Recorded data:

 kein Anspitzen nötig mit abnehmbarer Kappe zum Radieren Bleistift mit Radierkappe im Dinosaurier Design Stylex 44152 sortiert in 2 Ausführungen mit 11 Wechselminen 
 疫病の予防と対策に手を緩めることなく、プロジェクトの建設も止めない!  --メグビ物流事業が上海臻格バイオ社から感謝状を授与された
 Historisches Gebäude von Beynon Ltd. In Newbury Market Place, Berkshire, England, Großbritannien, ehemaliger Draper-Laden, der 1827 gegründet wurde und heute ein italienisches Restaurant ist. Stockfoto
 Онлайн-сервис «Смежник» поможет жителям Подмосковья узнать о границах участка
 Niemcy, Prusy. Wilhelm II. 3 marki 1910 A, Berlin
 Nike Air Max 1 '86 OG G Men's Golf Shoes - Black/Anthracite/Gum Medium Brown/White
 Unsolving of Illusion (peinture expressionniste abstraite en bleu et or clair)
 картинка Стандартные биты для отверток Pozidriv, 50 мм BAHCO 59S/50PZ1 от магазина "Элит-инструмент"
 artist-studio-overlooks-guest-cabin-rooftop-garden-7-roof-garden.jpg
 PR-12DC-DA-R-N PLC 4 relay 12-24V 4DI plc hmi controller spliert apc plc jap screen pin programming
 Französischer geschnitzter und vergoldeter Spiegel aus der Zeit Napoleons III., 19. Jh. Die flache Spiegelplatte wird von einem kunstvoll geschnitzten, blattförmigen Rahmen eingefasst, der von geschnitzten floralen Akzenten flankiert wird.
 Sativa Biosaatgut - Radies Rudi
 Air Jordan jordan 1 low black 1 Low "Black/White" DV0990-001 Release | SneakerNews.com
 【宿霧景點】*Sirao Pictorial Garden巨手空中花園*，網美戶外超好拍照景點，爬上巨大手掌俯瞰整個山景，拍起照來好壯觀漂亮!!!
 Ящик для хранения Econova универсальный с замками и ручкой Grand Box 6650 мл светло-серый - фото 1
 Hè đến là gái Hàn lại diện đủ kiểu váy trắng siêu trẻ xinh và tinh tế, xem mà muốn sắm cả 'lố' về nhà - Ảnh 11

TASK OBJECTIVE:
From the records above, extract exactly and only the lines that begin at the line with "Französischer geschnitzter und" and stop after the line with "Air Jordan jordan".

TASK RESPONSE:
 Französischer geschnitzter und vergoldeter Spiegel aus der Zeit Napoleons III., 19. Jh. Die flache Spiegelplatte wird von einem kunstvoll geschnitzten, blattförmigen Rahmen eingefasst, der von geschnitzten floralen Akzenten flankiert wird.
 Sativa Biosaatgut - Radies Rudi
 Air Jordan jordan 1 low black 1 Low "Black/White" DV0990-001 Release | SneakerNews.com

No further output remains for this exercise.